Total 2010 Chinese panel exports of 10.3 million m3 represented 7% of total production, but this share was down from 14% in 2007. Exports in 2010 were also still off the pace set in 2006-2007.

However, the export share of total production should recover to around 8% in 2011 as exports soared to over 13 million m3 – the highest level ever recorded.

Remarkably, plywood exports jumped to over nine million m3; 73% above their 2009 cyclical low, and were one million m3 above their 2007 peak.

Closely matching the growth pace in plywood was that in MDF/HDF. At 3.5 million m3, 2011 MDF/HDF exports were also at record levels, exceeding their 2007 peak.

Nevertheless, plywood remains the largest-volume export panel product, exceeding MDF/HDF by a factor of 2.6.

Wood based panel consumption

Given the reported production data for 2009-2010, Chinese wood based panel consumption soared to 141 million m3 in the latter year – 54% above the 2008 level of 91.2 million m3. Consumption is estimated to have climbed another 13% to 159 million m3 in 2011.

With a slowdown in economic growth late in 2011, and through at least a portion of 2012, wood based panel consumption growth will slow, but is still expected to edge higher, reaching 167 million m3 in 2012 – 5% above the 2011 estimate. Consumption growth is expected to re-accelerate in 2013, growing 8% to 181 million m3. This will set another record, at twice the 2008 level.

Turning to the individual types of panels consumed, plywood will remain the largest product category, but is expected to grow slowly (if only because plywood consumption levels have already reached surprisingly high levels). From 67.5 million m3 in 2010, plywood consumption in domestic and export markets will rise to around 84.1 million m3 by 2013 (a 25% increase).

The second largest panel product will remain MDF/HDF, consumption of which will climb 30% in 2010-2013, from 43.9 million m3 to over 56 million m3, somewhat closing the gap with plywood.

Meanwhile, particleboard volumes are expected to jump from 12.9 million m3 to 18.9 million m3 over the 2010-2013 period (a 46% increase), but this will occur only if this product’s acceptance as a furniture panel grows rapidly over the next few years.

Potentially, particleboard growth could be a lot more limited than projected here.

Meanwhile, blockboard consumption is expected to record an increase from 16.5 million m3 to 21.4 million m3 over the same period (+30%).

Our overall forecast for panels continues to be conservative and we would not be surprised to see significantly higher consumption than projected.

Nevertheless, as the Chinese economy matures, it has to be expected that the extended string of back-to-back years of double-digit increases in wood based panel consumption will be broken. Growth rates will moderate, reflecting, in turn, flattening growth rates in construction and furniture markets in particular.
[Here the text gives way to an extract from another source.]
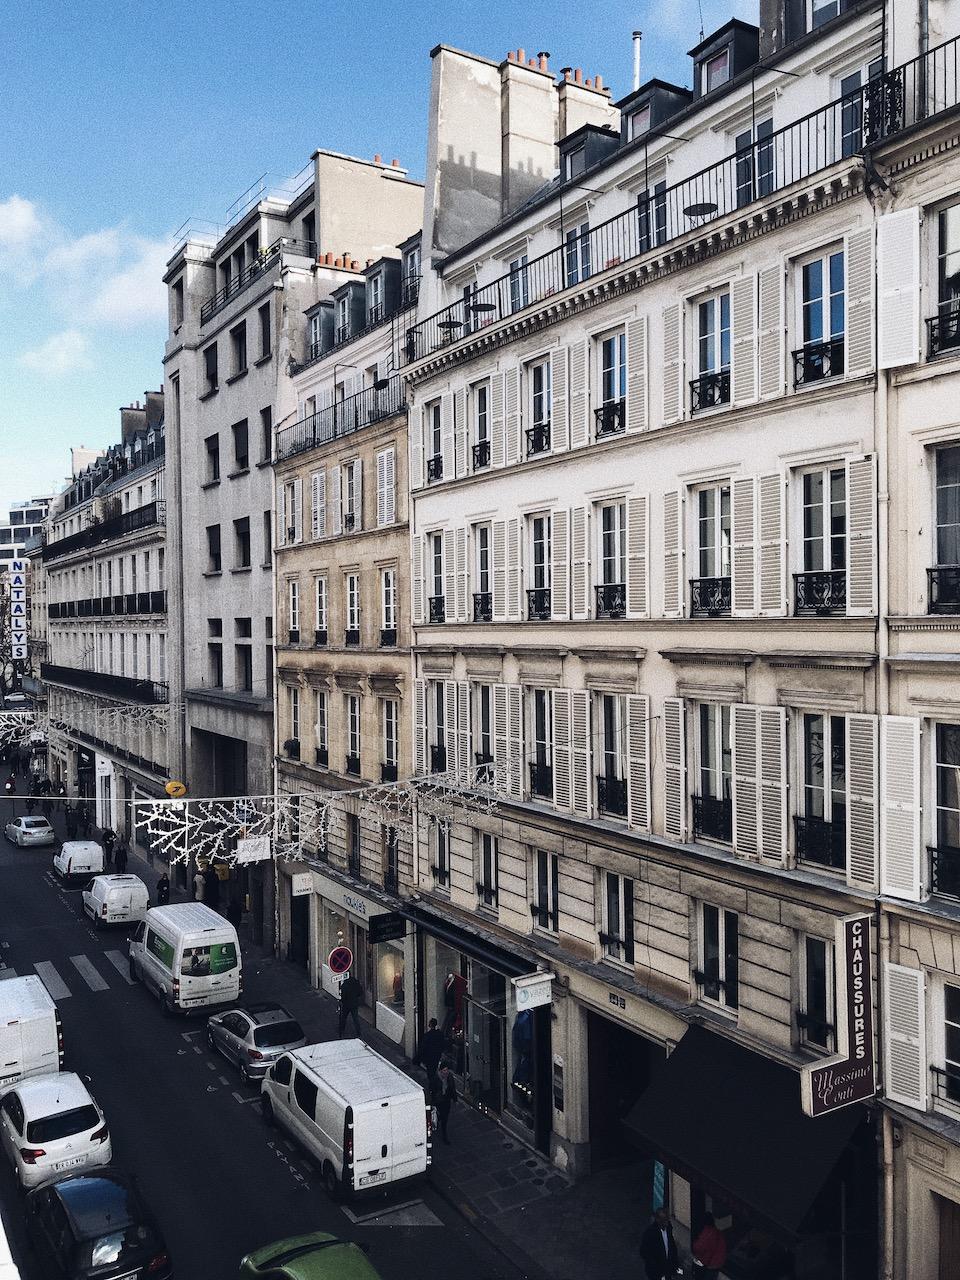 Parisian street view from Hotel Chavanel.
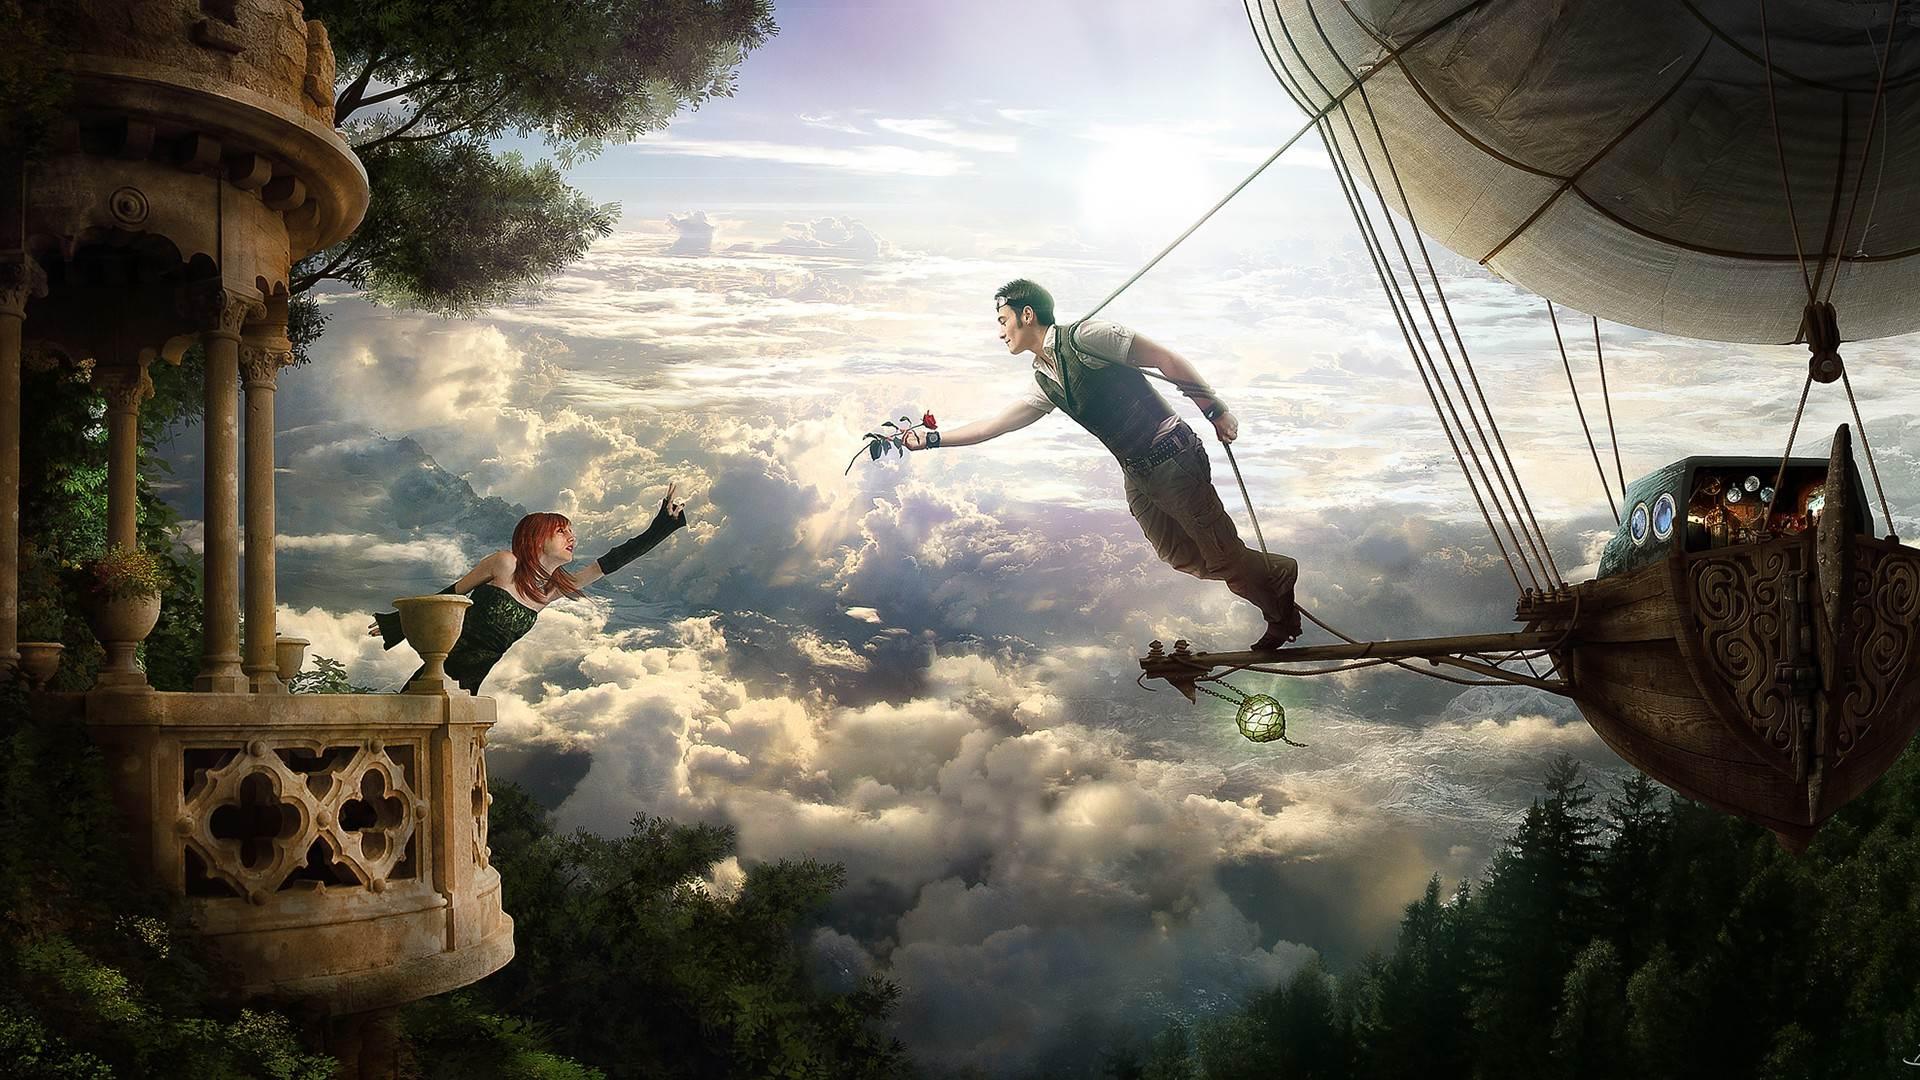 Fantasy Couple Romantic wallpaper | Best HD Wallpapers

Nevertheless, in the near- to medium-term, China’s wood based panel markets will indeed fly higher, breaking still more records. And the bulk of this growth will be fed by domestic  panel producers either converting domestic logs or consuming residuals derived from both imported and domestic logs.

Consequently, China’s wood fibre markets will remain very tight, keeping upward pressure on panel producer manufacturing costs for years to come. But that is another story to be told elsewhere!